____ DATA SHOWN

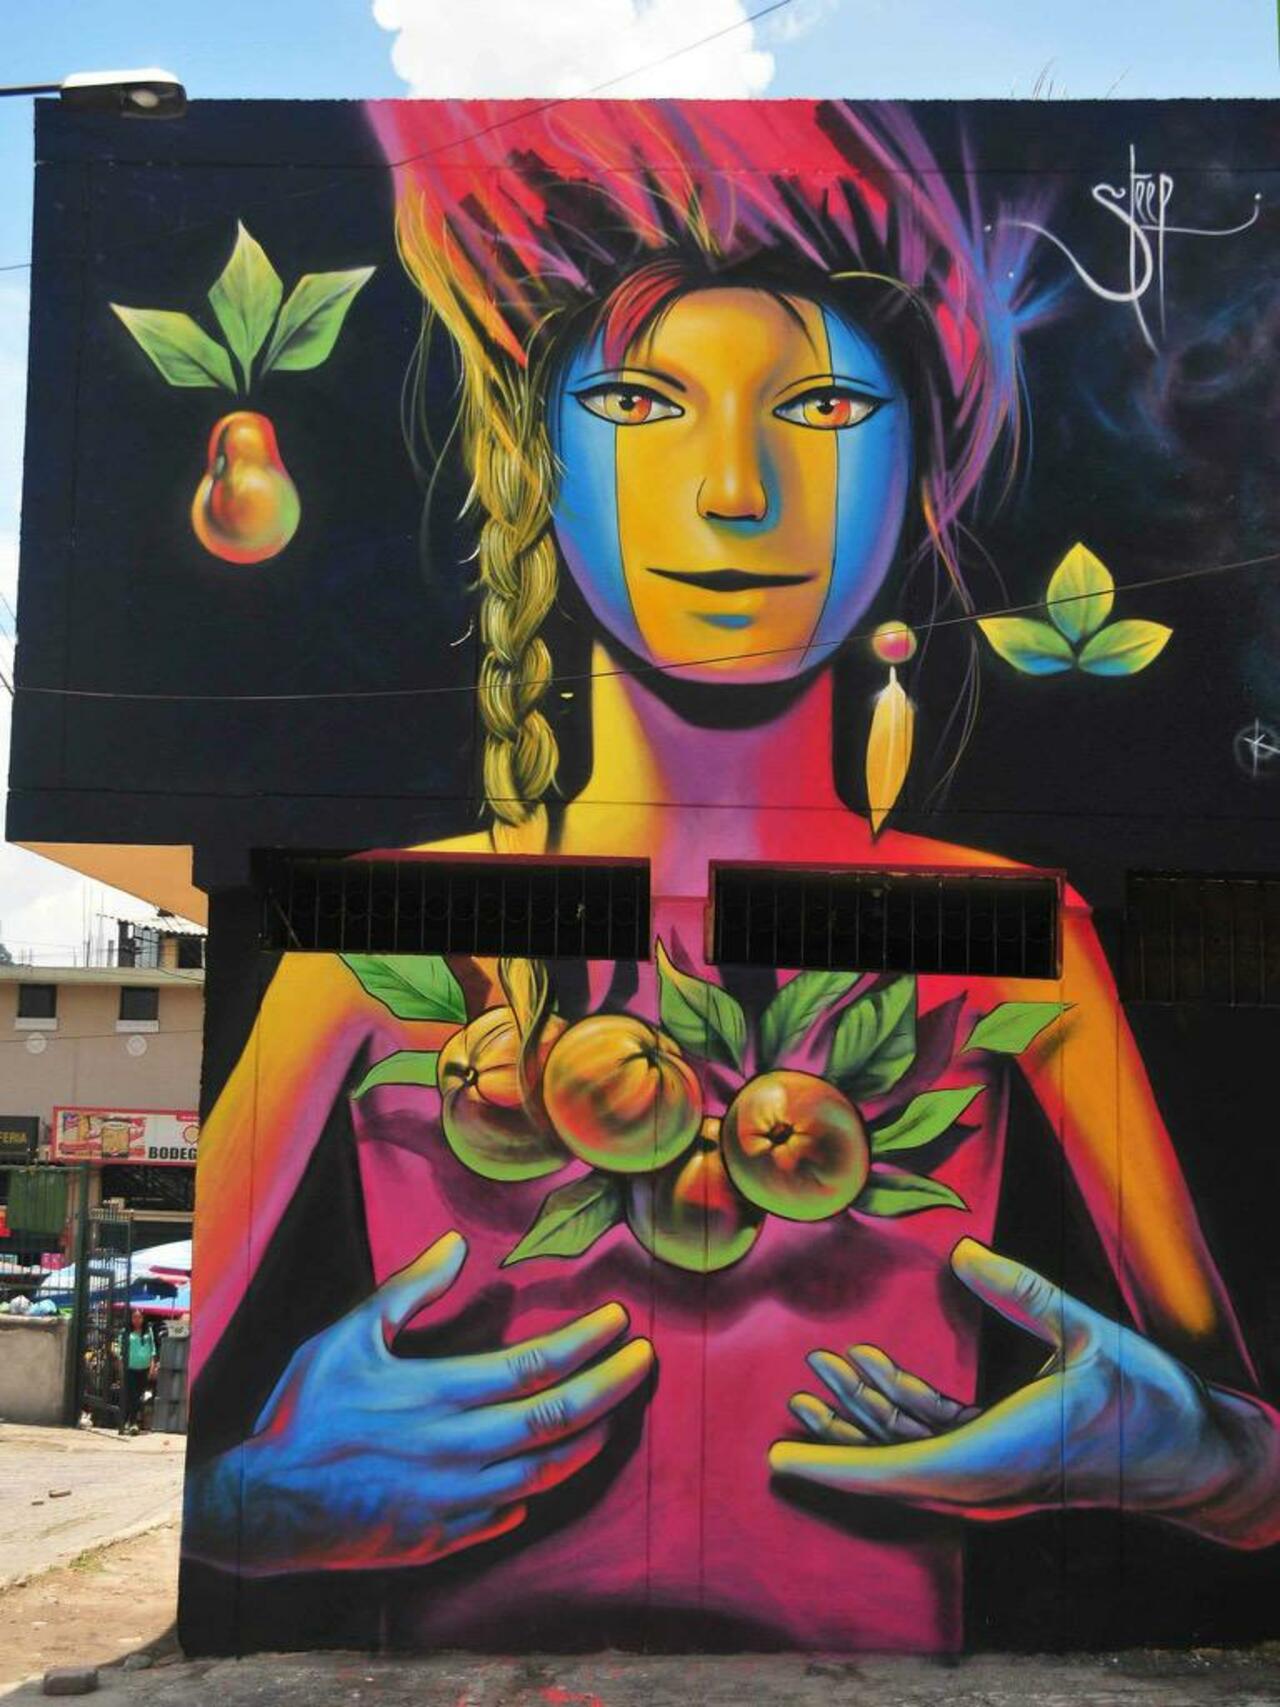 Street Art by Steep

#art #graffiti #mural #streetart http://t.co/Cjqdcsb805
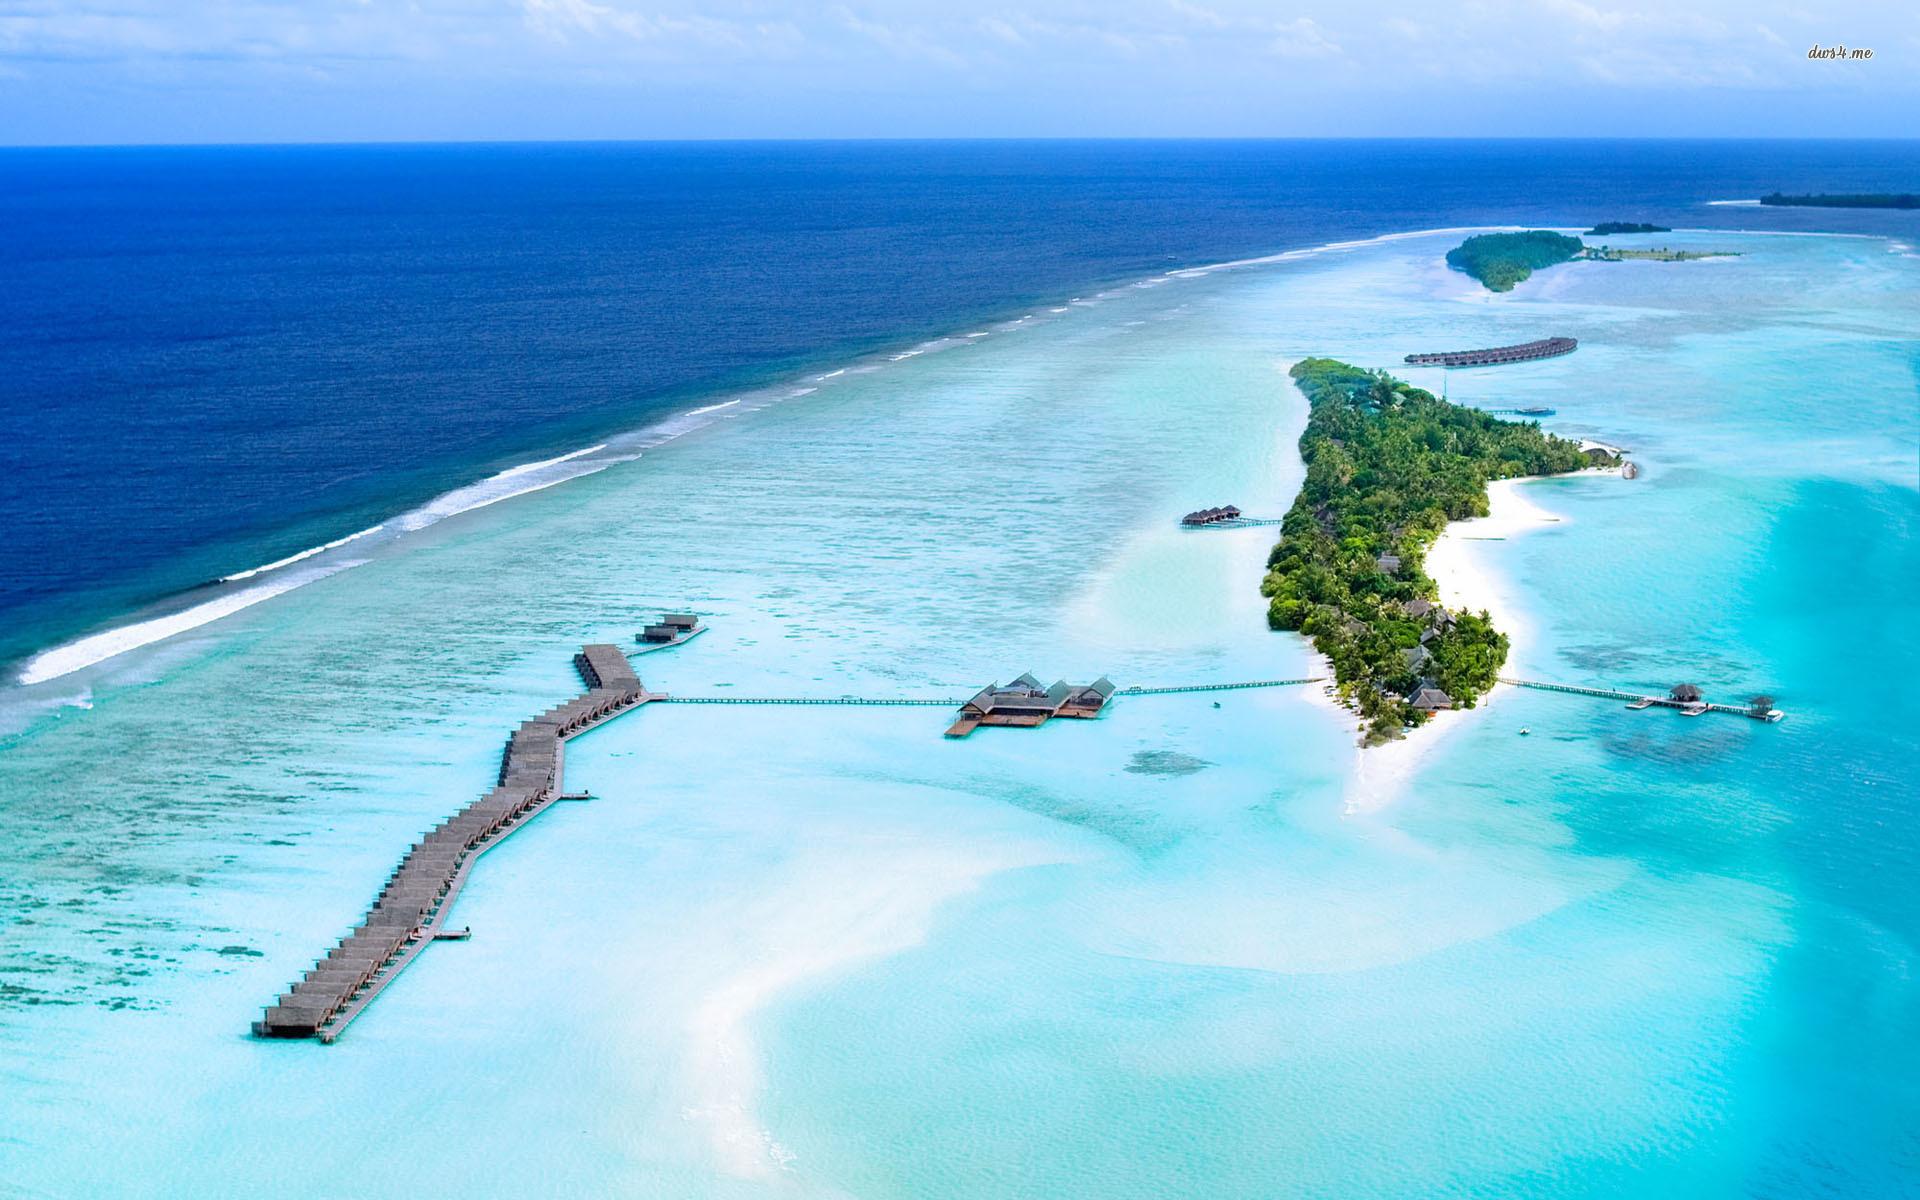 Island resort in Maldives wallpaper wallpaper

________

◆ WORK ITEM ◆
Give back all the material exactly, with no pictures.

◆ RESPONSE ◆
 Street Art by Steep

#art #graffiti #mural #streetart http://t.co/Cjqdcsb805
 Island resort in Maldives wallpaper wallpaper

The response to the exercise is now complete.